## WHAT IS NEEDED
Repeat the lines of the data exactly and exclude any picture among them.

## INFORMATION SHOWN
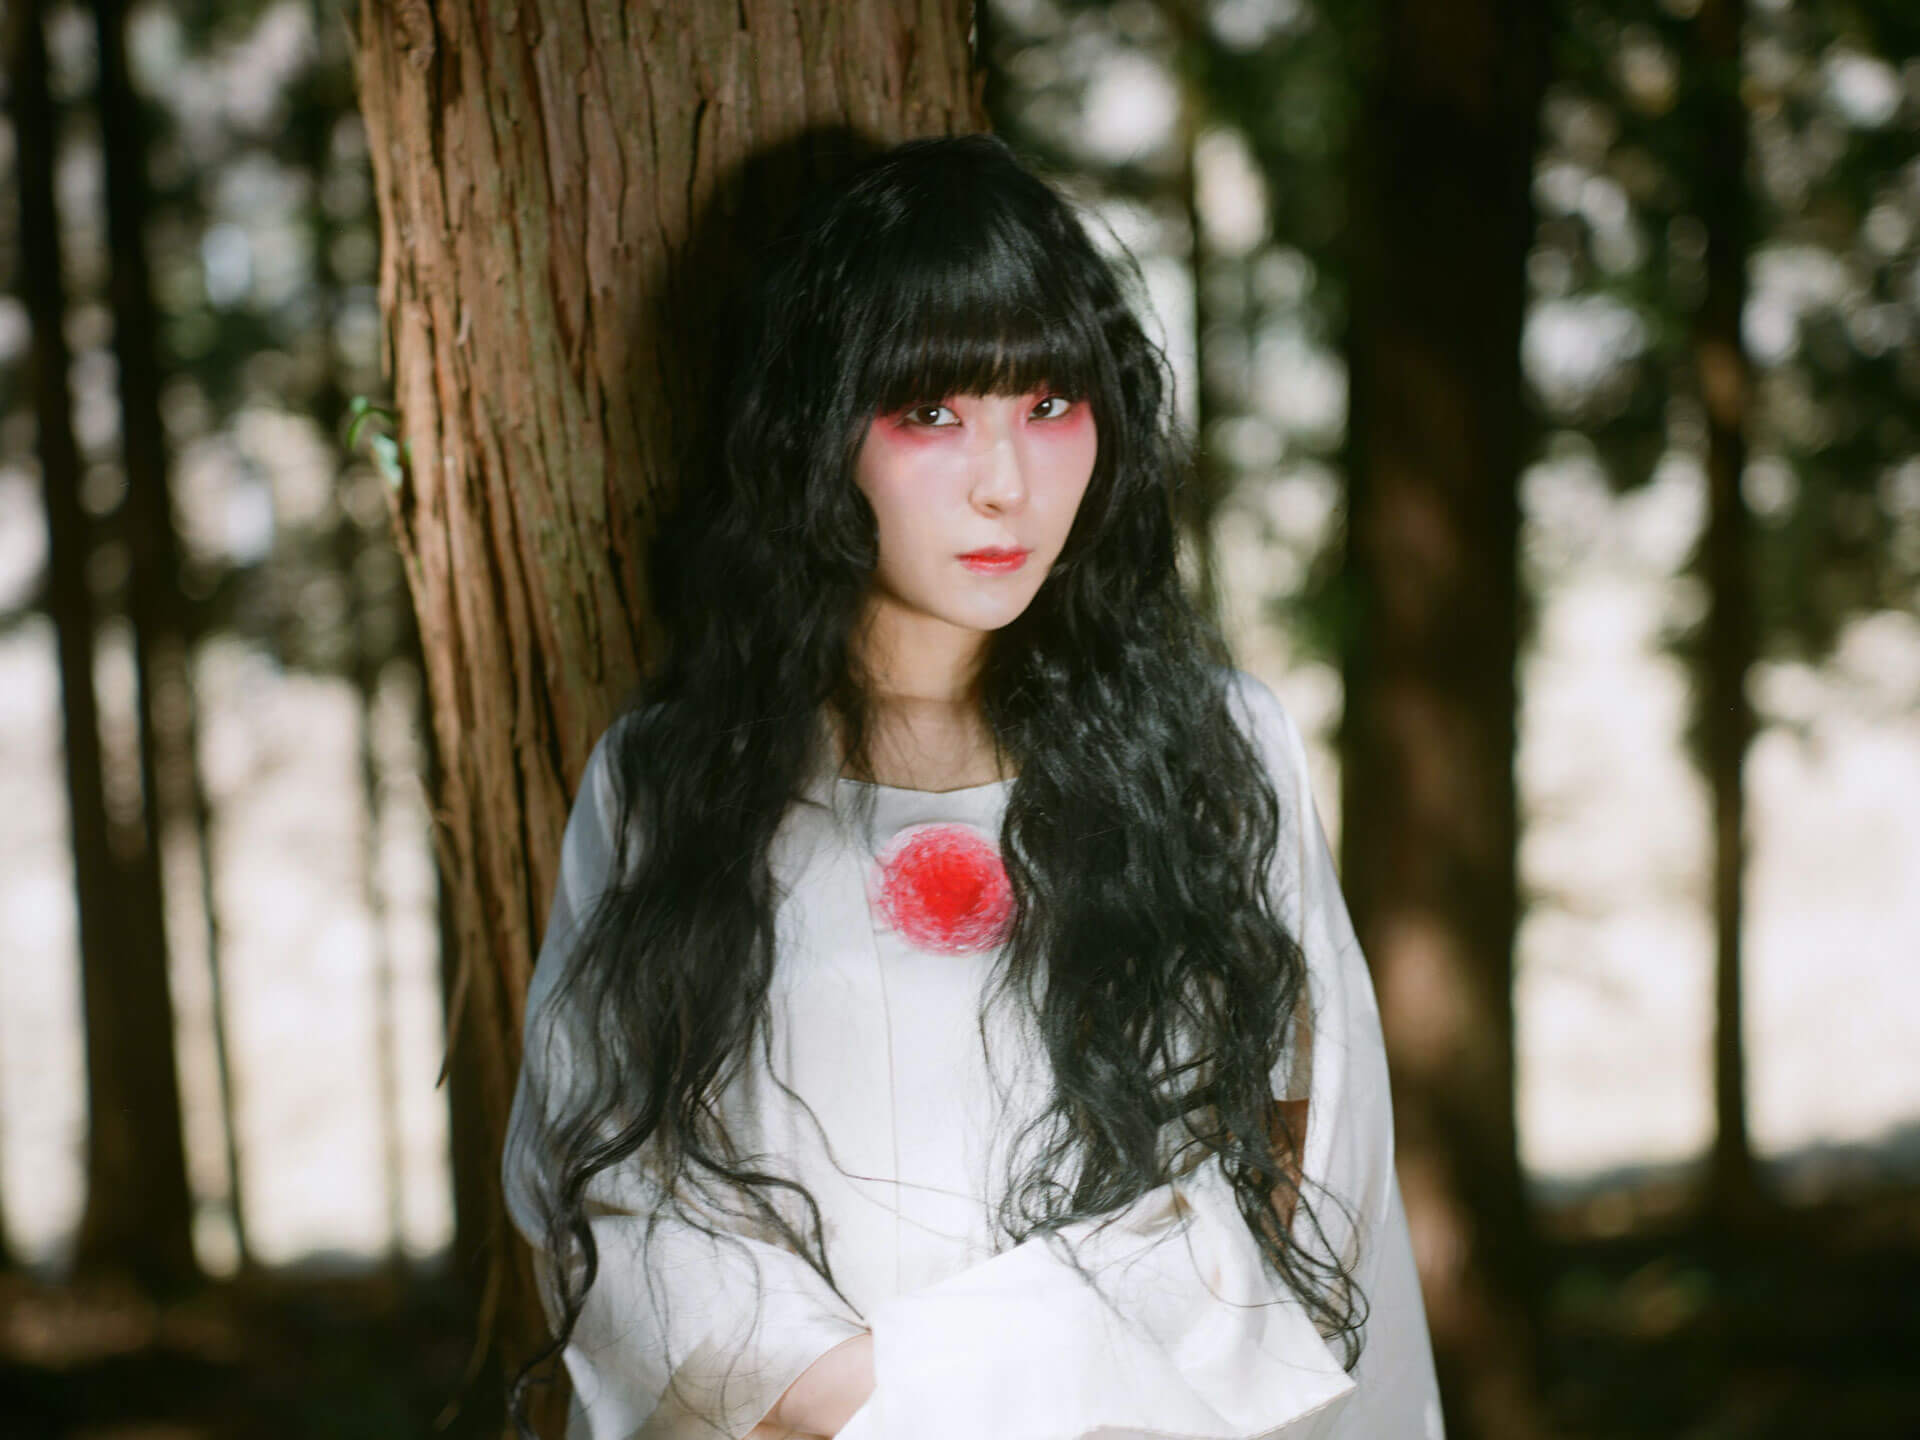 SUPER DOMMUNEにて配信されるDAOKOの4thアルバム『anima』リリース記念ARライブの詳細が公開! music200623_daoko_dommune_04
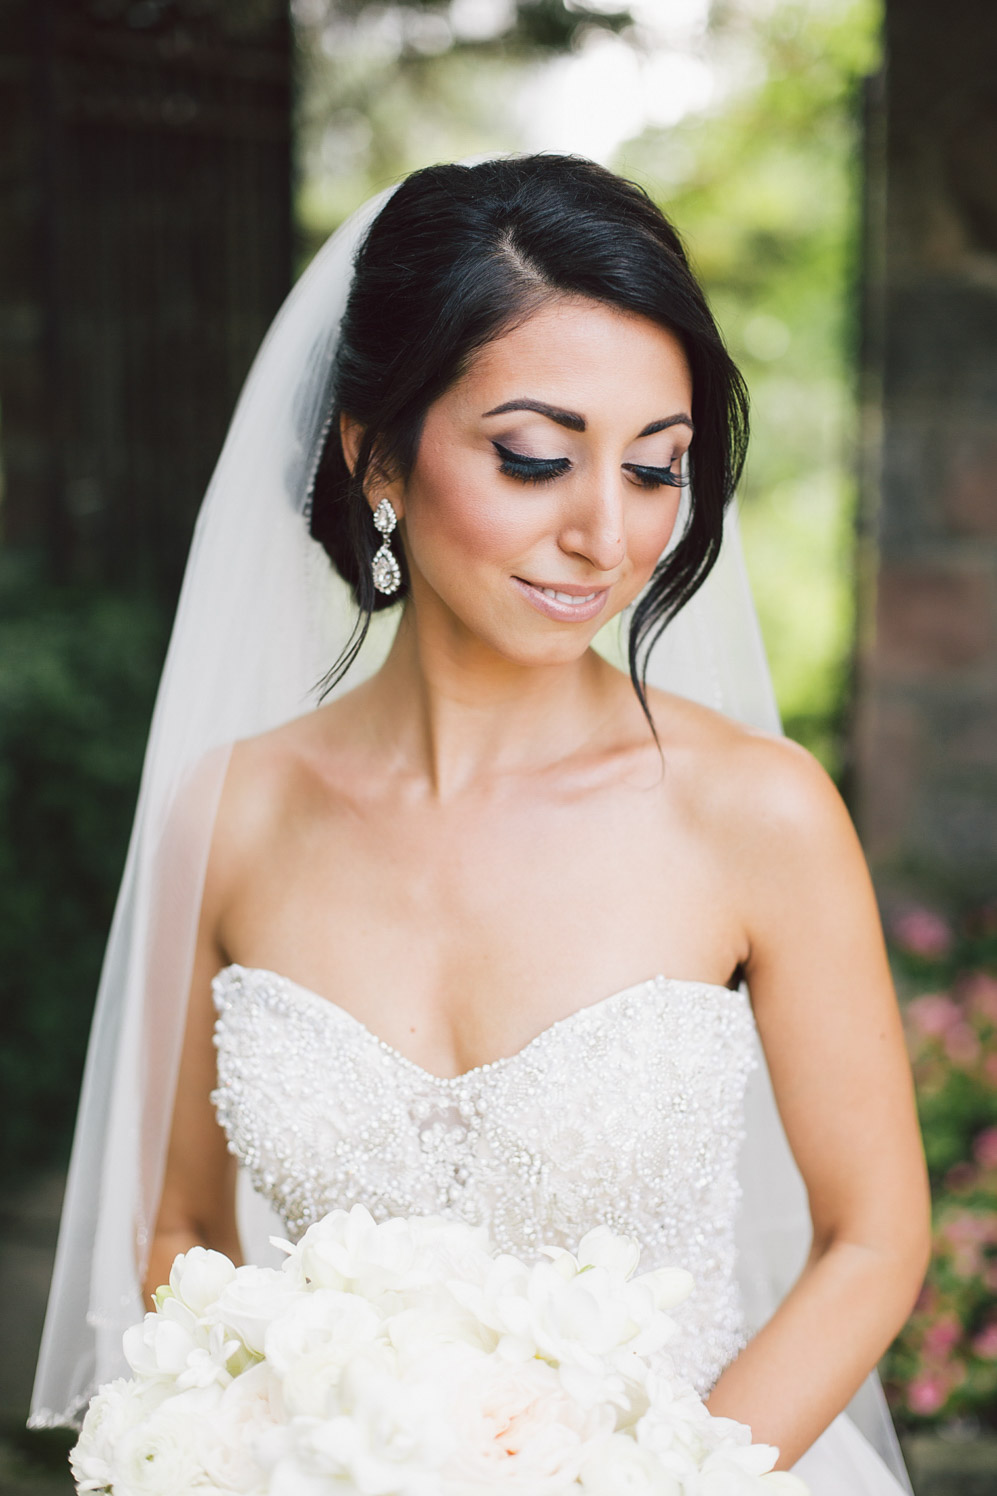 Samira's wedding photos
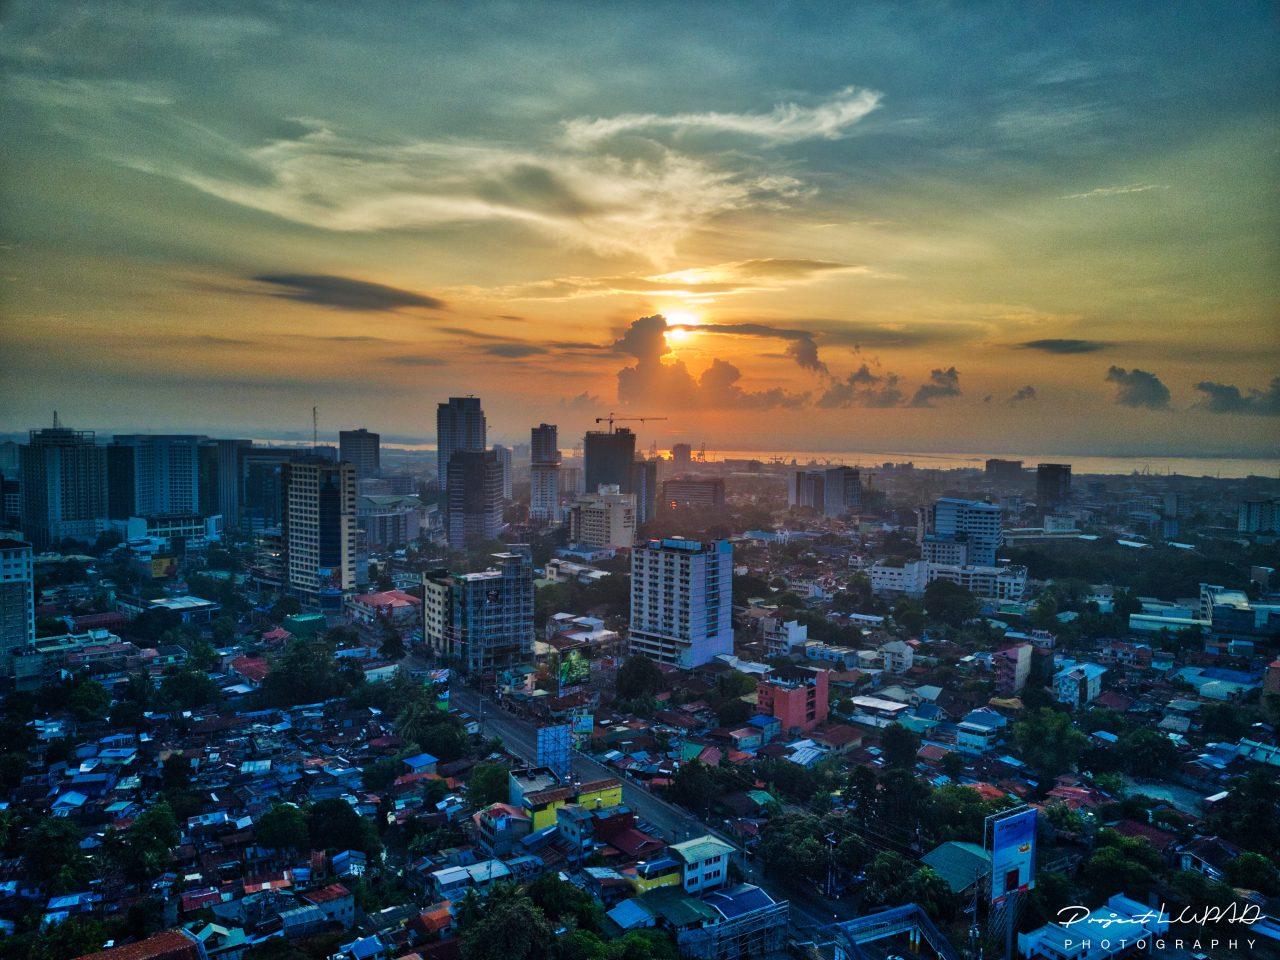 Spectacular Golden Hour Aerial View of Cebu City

## ANSWER SECTION
 SUPER DOMMUNEにて配信されるDAOKOの4thアルバム『anima』リリース記念ARライブの詳細が公開! music200623_daoko_dommune_04
 Samira's wedding photos
 Spectacular Golden Hour Aerial View of Cebu City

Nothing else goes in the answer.